Twin Temple is an American rock and roll/doo-wop duo. They call their genre Satanic doo-wop.

They consist of vocalist Alexandra James and guitarist Zachary James.

They released their first single in 2017, and their first album in 2019. They have to date released two albums and four singles.

Biography 

Twin Temple was formed by the married couple and self proclaimed practicing satanists Alexandra and Zachary James in an attempt to challenge the metal dominance within Satanist music. Being fans of American rock and roll of the 1950s and 1960s, and bands such as The Platters, Roy Orbison, and Buddy Holly, they wanted to incorporate Satanism with this musical era and culture.

They produced and released their debut album, Twin Temple (Bring You Their Signature Sound…. Satanic Doo-Wop), in 2019. The album was recorded live and in mono, to get a more authentic sound resembling the music of the 1950s and 1960s. The whole album was recorded in a day and half, according to vocalist Alexandra James, and each song was recorded live in 2-3 takes, while the best takes ended up on the final album.

In March 2019, they were on Revolver magazine's Top 5 Bands You Need to Know.

Their first opening concert was on tour with the band Ghost, at the September 28, 2019 show at the Maverick Center in West Valley City, UT.
Their second album, Twin Temple Present a Collection of Live (And Undead) Recordings from Their Satanic Ritual Chamber..., was released in 2020. In 2021, they released their single Let's Have A Satanic Orgy.

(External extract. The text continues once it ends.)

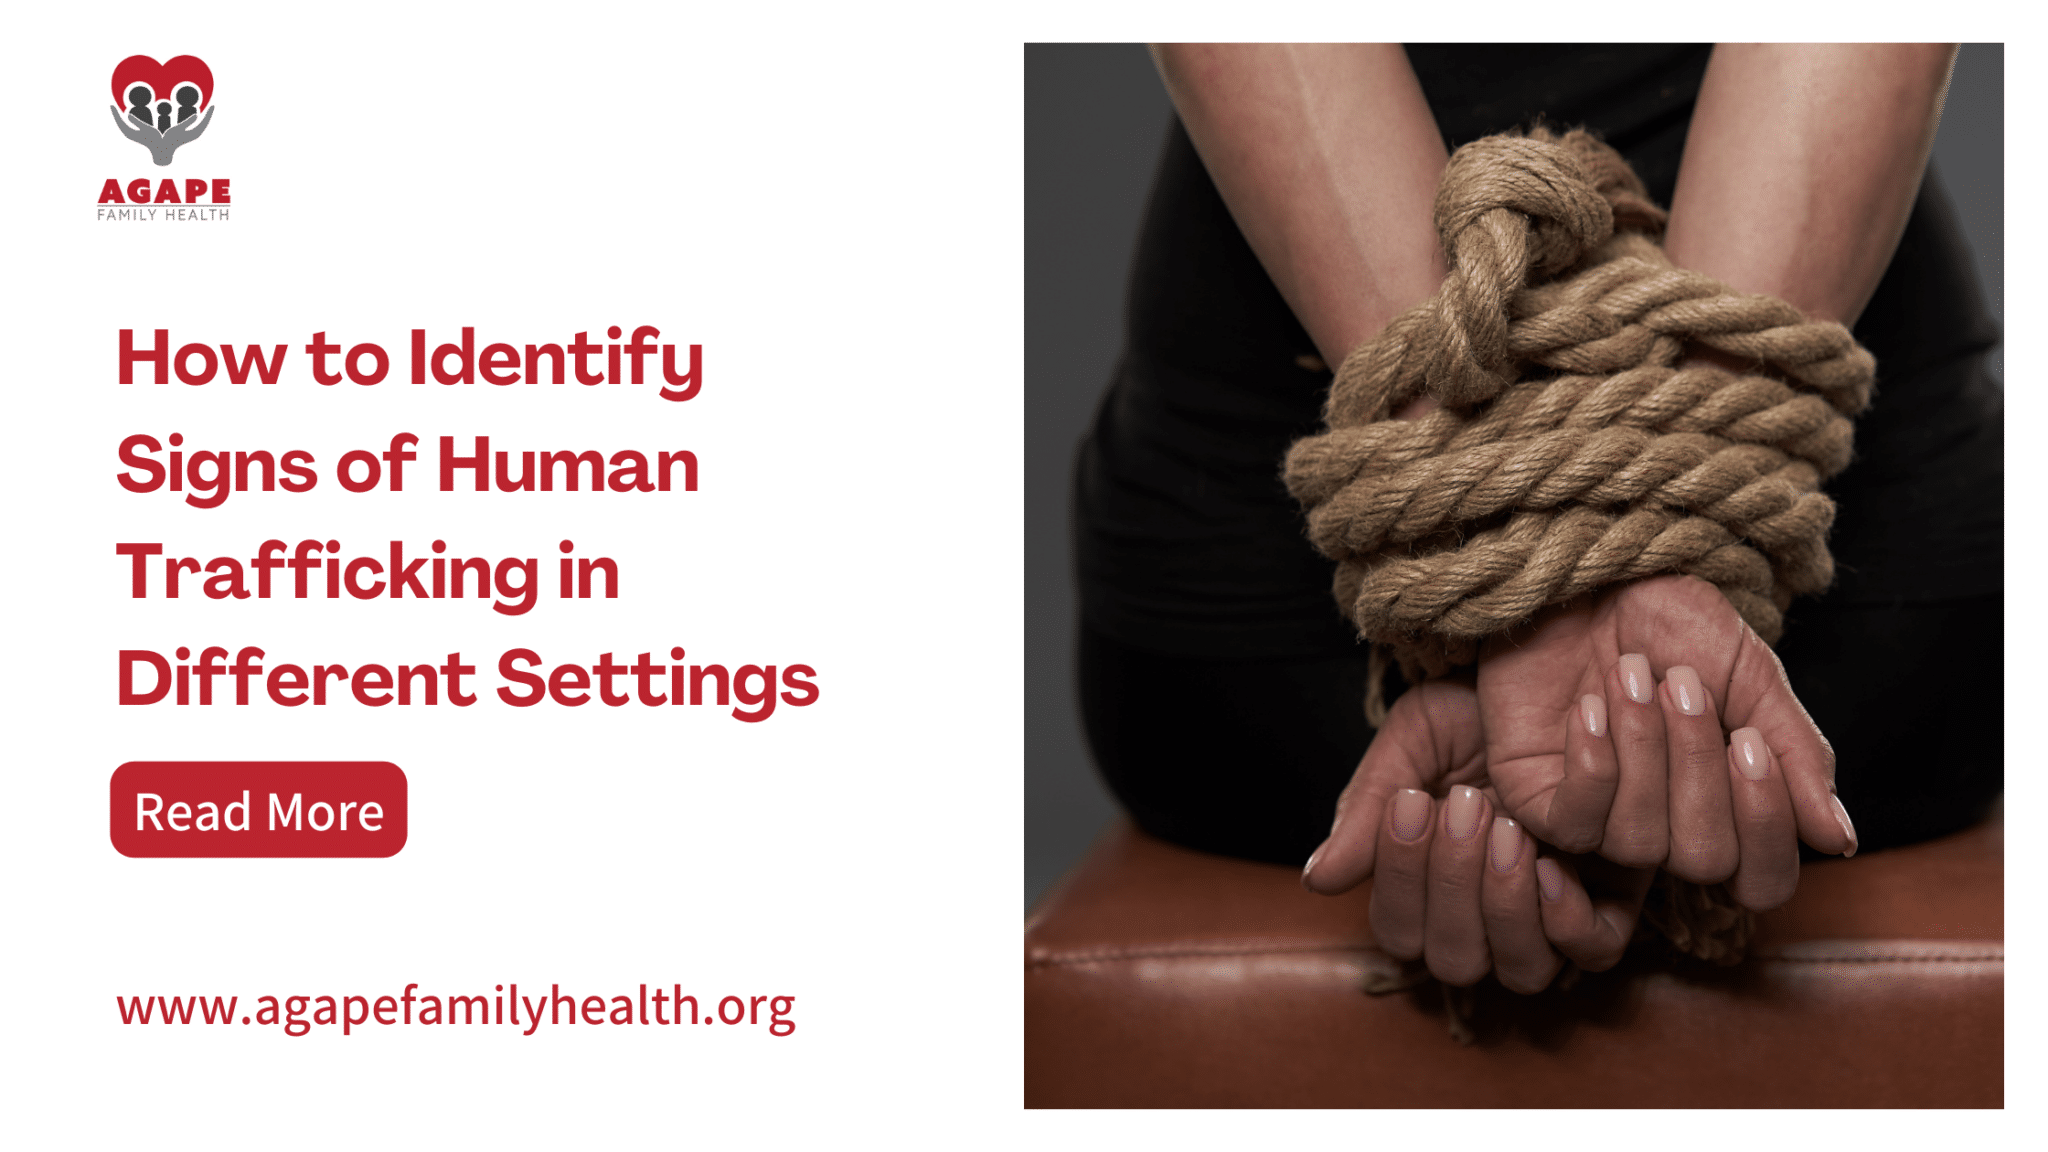 Identify Signs of Human Trafficking in Different Settings

In 2022, they gained further international recognition when they opened for Swedish rock band Ghost during their Imperatour in North America alongside Volbeat. They also performed as an opening act for Ghost during their UK and European tour.

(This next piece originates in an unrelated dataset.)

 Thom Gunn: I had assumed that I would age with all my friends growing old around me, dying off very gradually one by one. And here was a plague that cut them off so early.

Twin Temple embarked on their first headlining tour, Satanic Orgy USA 2022, with Bridge City Sinners of Portland, OR during the month of October, 2022.

Controversy
Far right conspiracy theorist and radio talk show host, Alex Jones dedicated a segment of an episode of InfoWars talking about Twin Temple.

Musical style and lyrical themes 

Their lyrics reference Satan but also deal with themes like Satanism, sex, love, and also social issues such as individualism, feminism, and LGBT-rights.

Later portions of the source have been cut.